Uber commits $1.25bn to Rivian for driverless taxi venture

In a bold move that could reshape the landscape of urban transport, Uber is set to invest up to $1.25 billion in electric vehicle maker Rivian to create a vast, exclusive fleet of self-driving taxis. The multi-year partnership, which begins with an initial $300 million injection pending regulatory approvals, is structured as a strategic bet on a future where autonomous vehicles dominate ride-hailing streets across multiple continents.
The core of the agreement grants Uber and its designated fleet partners the right to purchase 10,000 of Rivian’s forthcoming autonomous R2 vehicles. According to the companies, these robotaxis are scheduled to launch exclusively on the Uber app in two flagship US cities, San Francisco and Miami, in 2028. Should this initial deployment prove successful, the deal includes an option to negotiate for a further 40,000 vehicles from 2030 onwards.
A Structured Gamble on Autonomy
The financial commitment is tiered and contingent on Rivian’s technical progress. Uber’s initial investment could swell through 2031 if Rivian successfully reaches a series of undisclosed autonomy development targets. The long-term ambition, as stated by the companies, is to deploy thousands of unsupervised robotaxis across 25 cities in the United States, Canada, and Europe by the end of 2031.
For Uber, this represents a definitive doubling down on a partnership model it adopted after selling its own self-driving unit in 2020. The company now positions itself as the commercial and operational layer for autonomous transport, connecting vehicle makers with riders and handling charging and local fleet logistics. It has said it expects robotaxis from various partners to be available in 15 markets by the end of 2026, with larger deployments ramping up from 2027.
The Rivian deal also includes a significant financial experiment. By agreeing to purchase some vehicles directly, Uber is testing the underlying economics of robotaxi ownership. The company has indicated this will help it explore future financing models with banks and private equity firms to fund even larger fleets later.
Rivian’s Technological Roadmap
For Rivian, the partnership is a major validation of its autonomous driving strategy. Company executives have identified self-driving technology as one of their highest priorities. The R2 vehicle, slated to begin production in 2027, is central to this plan and will be equipped with what Rivian says is its own in-house autonomy chip, a new lidar sensor, 11 high-definition cameras, and five radar sensors.
The company’s ambitions extend beyond commercial fleets. Rivian has stated it is developing self-driving capabilities for personally owned vehicles, with a longer-term vision of cars autonomously handling tasks like airport pickups or school runs. It has also signalled openness to licensing its software to other manufacturers.
Rivian’s existing semi-automated driving subscription service, which offers features like hands-free supervised driving and commanded lane changes, is set to expand. The company has confirmed that auto-parking and ramp-to-ramp motorway functions are expected to follow.
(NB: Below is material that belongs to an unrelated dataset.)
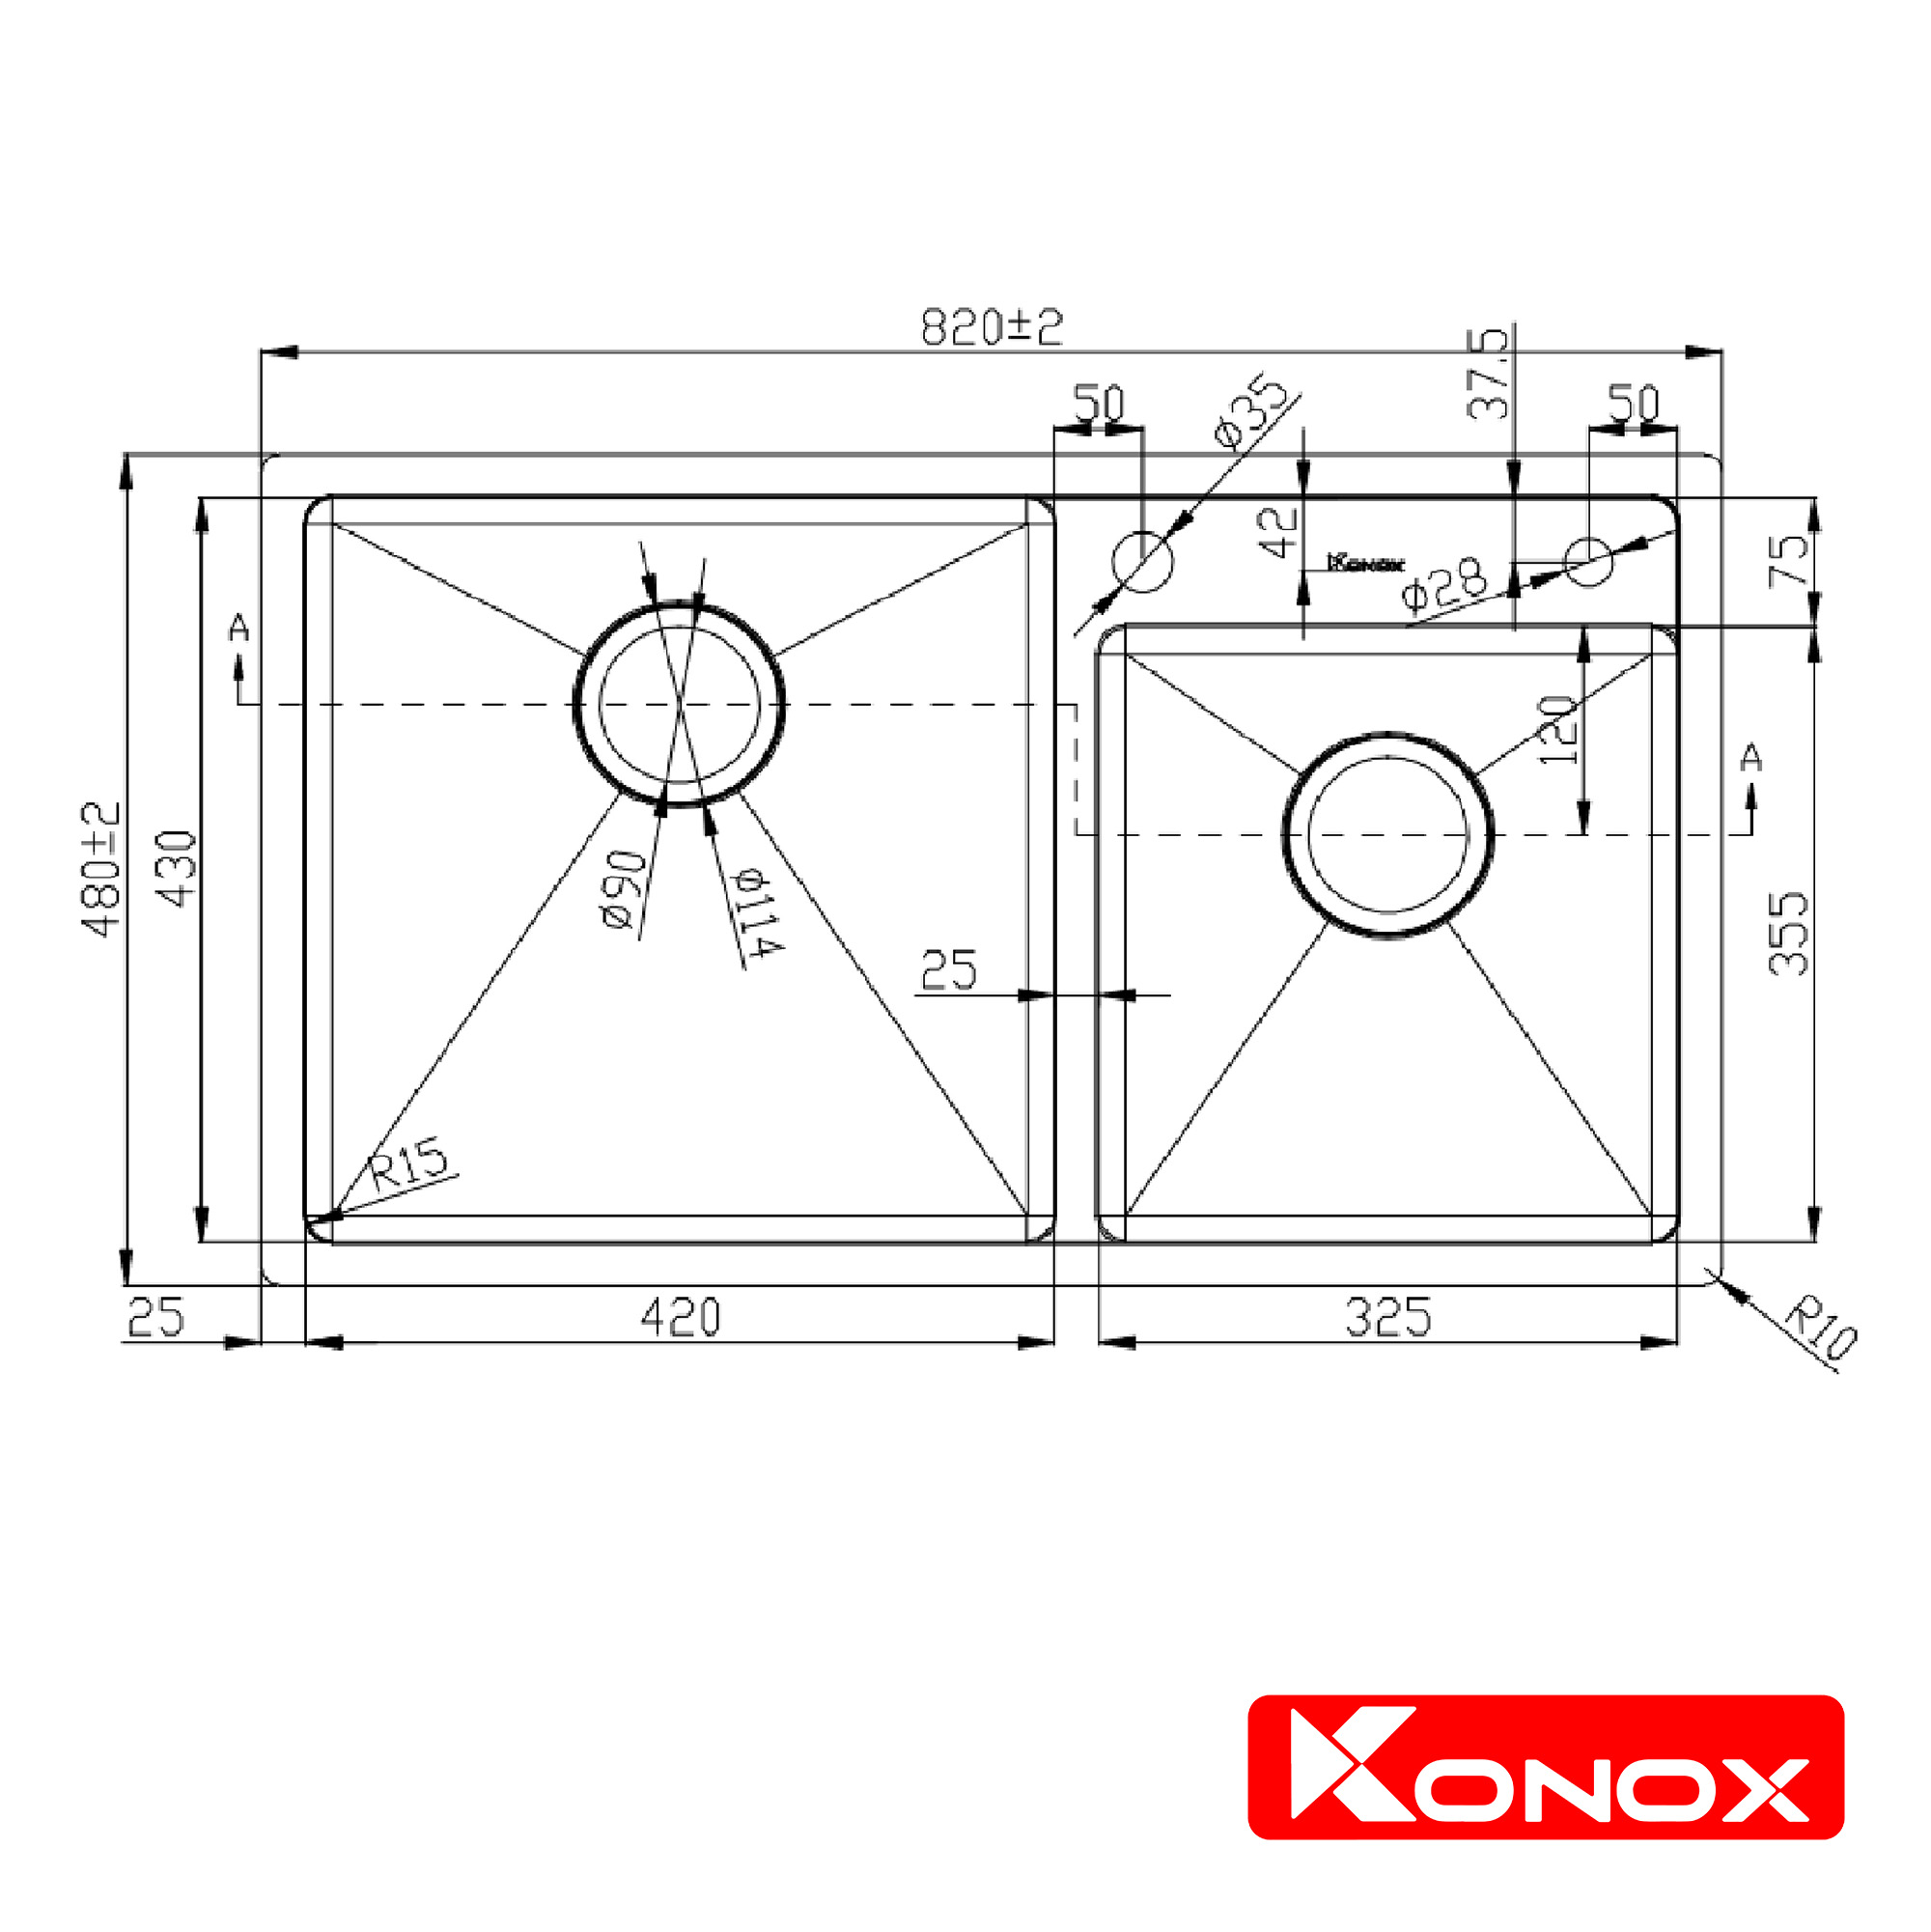 Chậu rửa bát Konox, Overmount Series, Model KN8248DO, Inox 304AISI tiêu chuẩn châu Âu, 820x480x228(mm), Full set gồm Siphon + giá úp bát inox, Hàng chính hãng

A Crowded and Competitive Field
The agreement lands as the race to deploy autonomous ride-hailing services intensifies. Tesla already maintains a small robotaxi presence in Austin and conducts testing in San Francisco. Waymo and Amazon-owned Zoox are also advancing their own technologies and deployments. Meanwhile, Lucid Motors has outlined its own robotaxi ambitions and is, according to reports, in talks to deepen its existing relationship with Uber.
Investors reacted swiftly to the news. Rivian’s share price jumped in premarket trading following the announcement, while Uber’s stock was broadly flat. Shares in Tesla, a key rival in both electric vehicles and autonomy, slipped modestly.
The partnership represents a structured attempt to establish a new standard for how robotaxi fleets are financed, deployed, and brought to market. By combining Rivian’s integrated hardware and software with Uber’s vast network and commercial platform, the two companies are betting they can navigate a path to profitability in a market that remains fraught with both technical and regulatory challenges.